It's a question that's been asked since the 1823 poem, "Twas The Night Before Christmas" put reindeer power in Santa Clause's delivery service, but the question is always answered in terms of every child.
Leaving no child behind gives us a Santa whom according to Gizmodo, would have to at all times travel at 650 miles per second, which you can read about here, and is summed up by their own words, "If Santa ever DID deliver presents on Christmas Eve, he's dead now."
However, dead Santas make children sad, so we're going to see how many, if any children Santa can get presents to without dying. We start things off with Santa's sleigh, a hefty 1850 pounds empty, or an even ton with a 250 pound Santa at the helm.
Two average reindeer being 600 pounds, and pulling 1200 pounds each can do this handily, but Santa has a payload, about 60,000 tons based on a data dump from NORAD on Business Insider. To get all that moving is still possible. Santa just needs 100,000 reindeer to get his sleigh along, not aloft. There's no cheating this Christmas.
Now Santa can set off from his industrial complex in the north pole, ready to bring smiles to the kids of the nearest settlement with kids in Longyearbyen, Svalbard Norway.
He has about 32 hours of Christmas to burn thanks to time zones, and with fully harnessed reindeer topping out at 15 miles per hour, he'll be spending 19 of those getting to the edge of Longyearbyen, and because his reindeer, linked up in the traditional manner will stretch for 57 miles, Santa himself will be in town four hours after his reindeer. That gives him nine hours to deliver Christmas.
At about 6 square miles, Longyearbyen might not be breaking any records outside its latitude, but every one of those miles is packed with 10.7 children, 386 overall.
Counting all the numbers we have except the 57 miles of Nordic venison, Santa can can drop gifts off for the whole of Longyearbyen in two hours and 20 minutes. His deer aren't included because to put Santa in town, they would have to be 47 miles outside the next closest town, Barentsburg.

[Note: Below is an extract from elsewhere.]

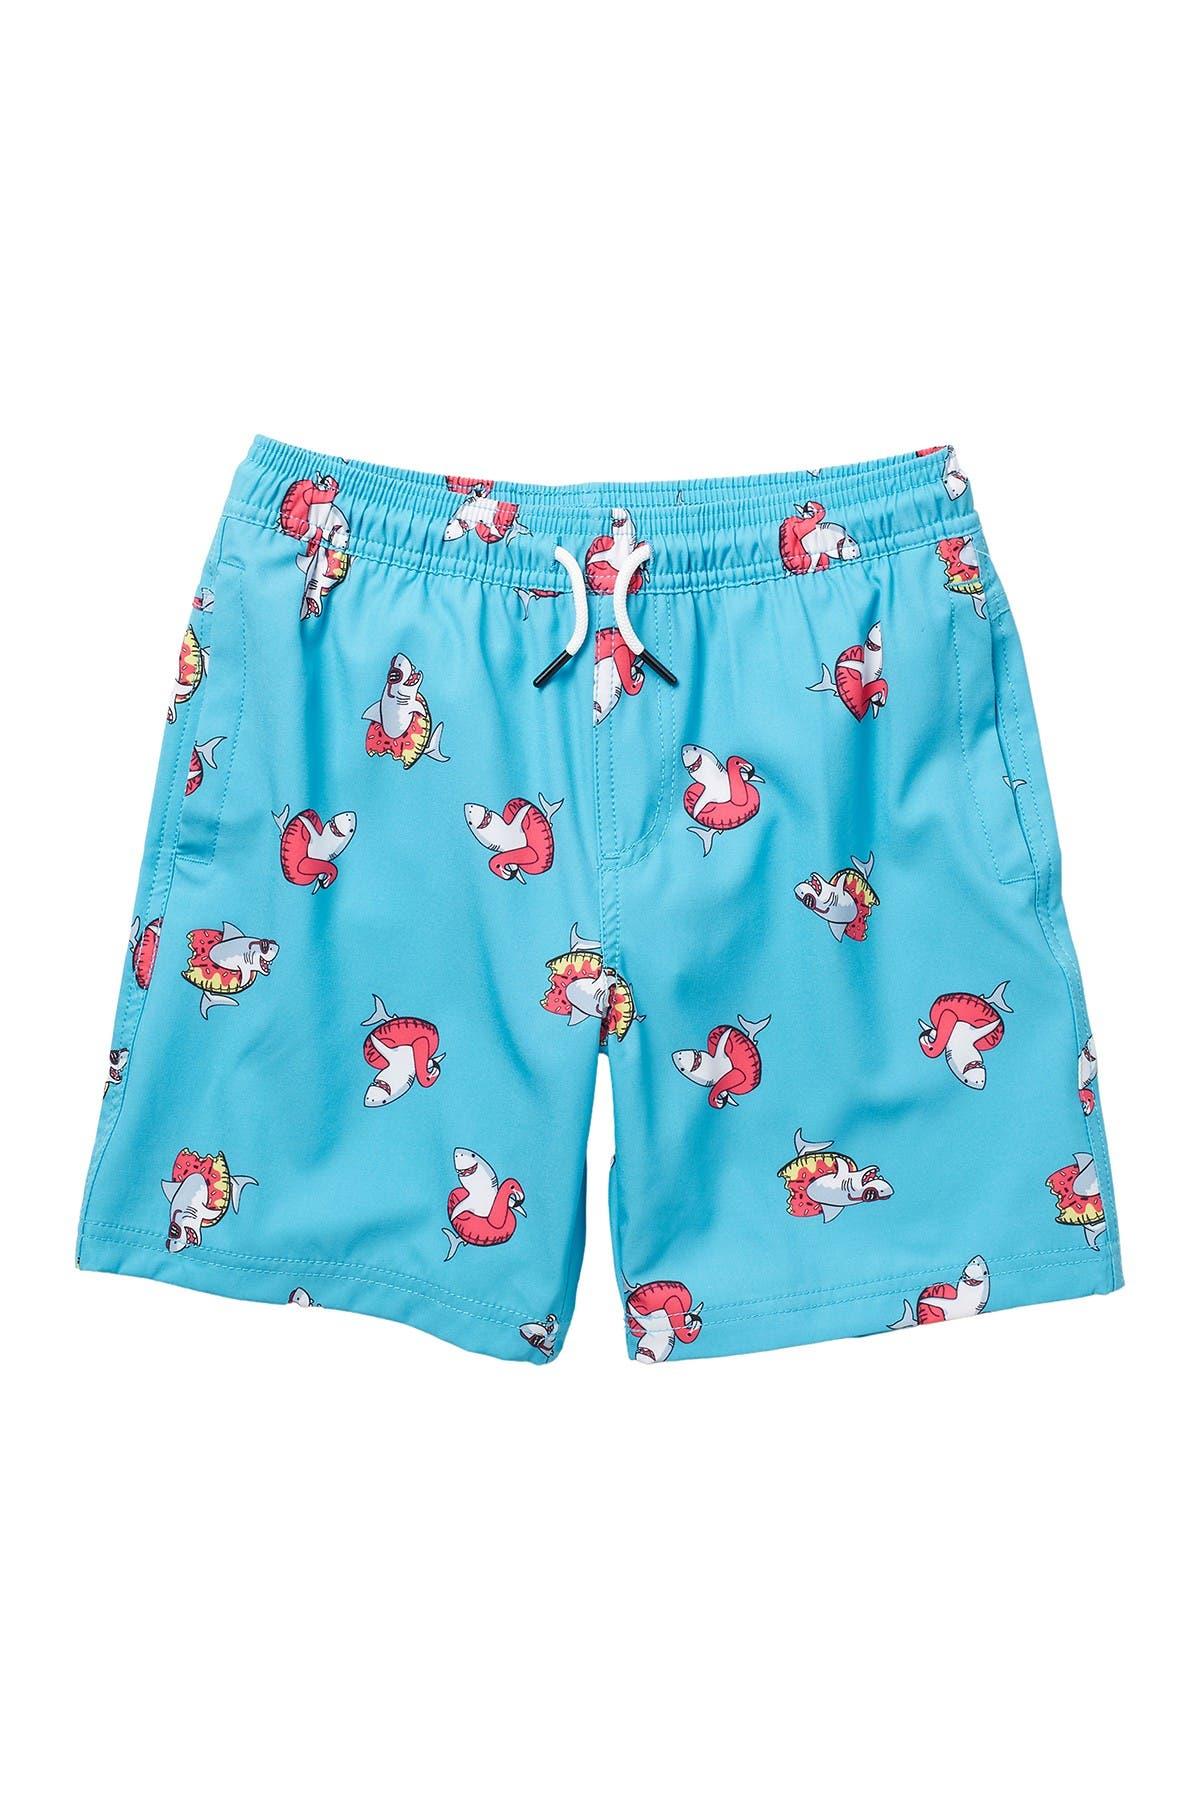 Image of Sovereign Code Kai Printed Swim Shorts
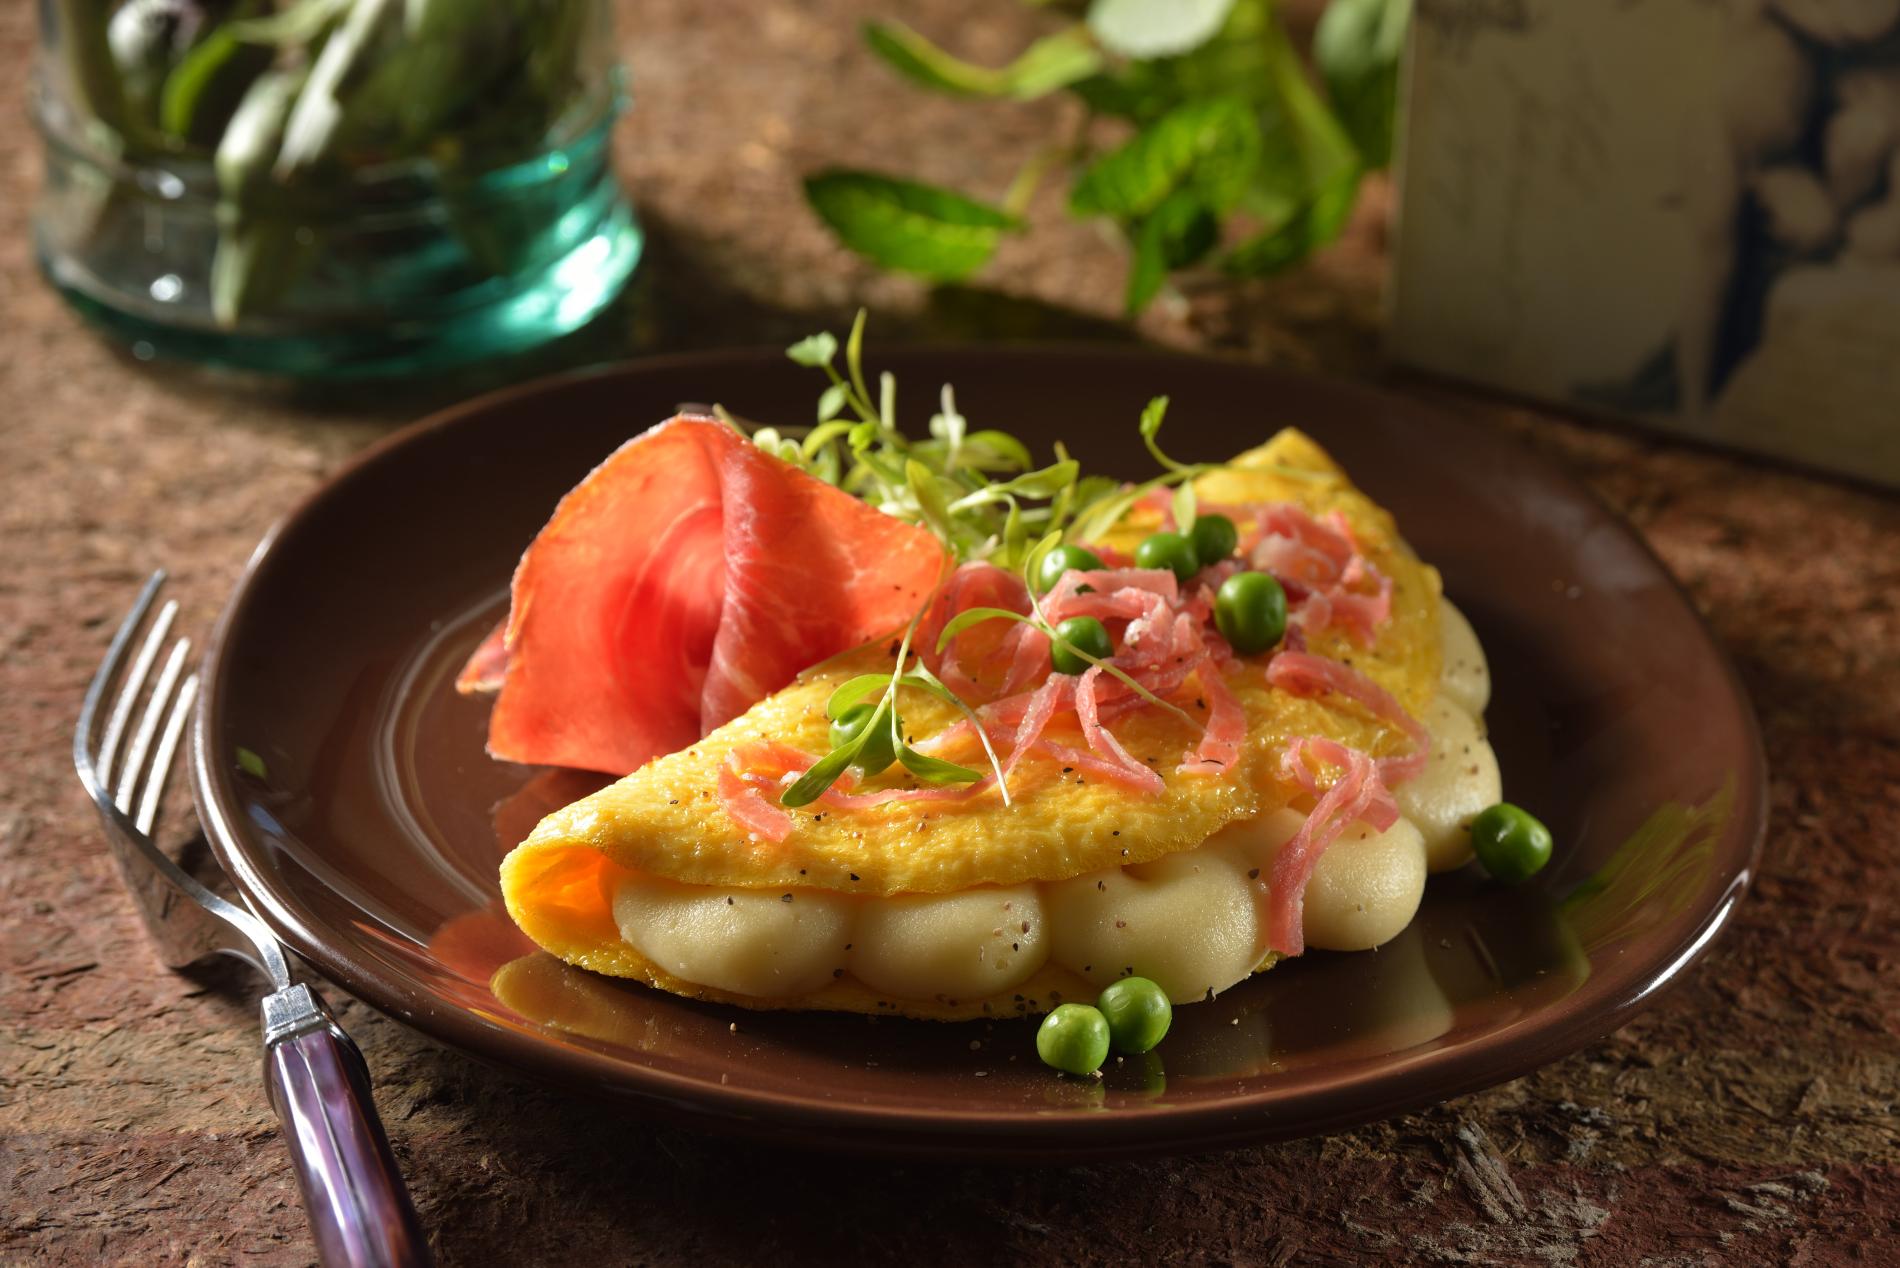 Omelette_con_puré_de_papa_y_jamón_serrano

Here, with just seven hours to spare, Santa can spend the next nine minutes dropping off presents to 90 kids before heading out to mainland Europe.
The closest city to Barentsburg is Tromso Norway, about 586 miles from Svalbard, but even discounting the fact that it would take 40 hours to get there by sled, that distance is covered in liquid ocean. Svalbard is where Santa's mission starts and ends, providing just 472 children with 59,999 tons of gifts, so if you want to meet the man, you'll have to move to Svalbard.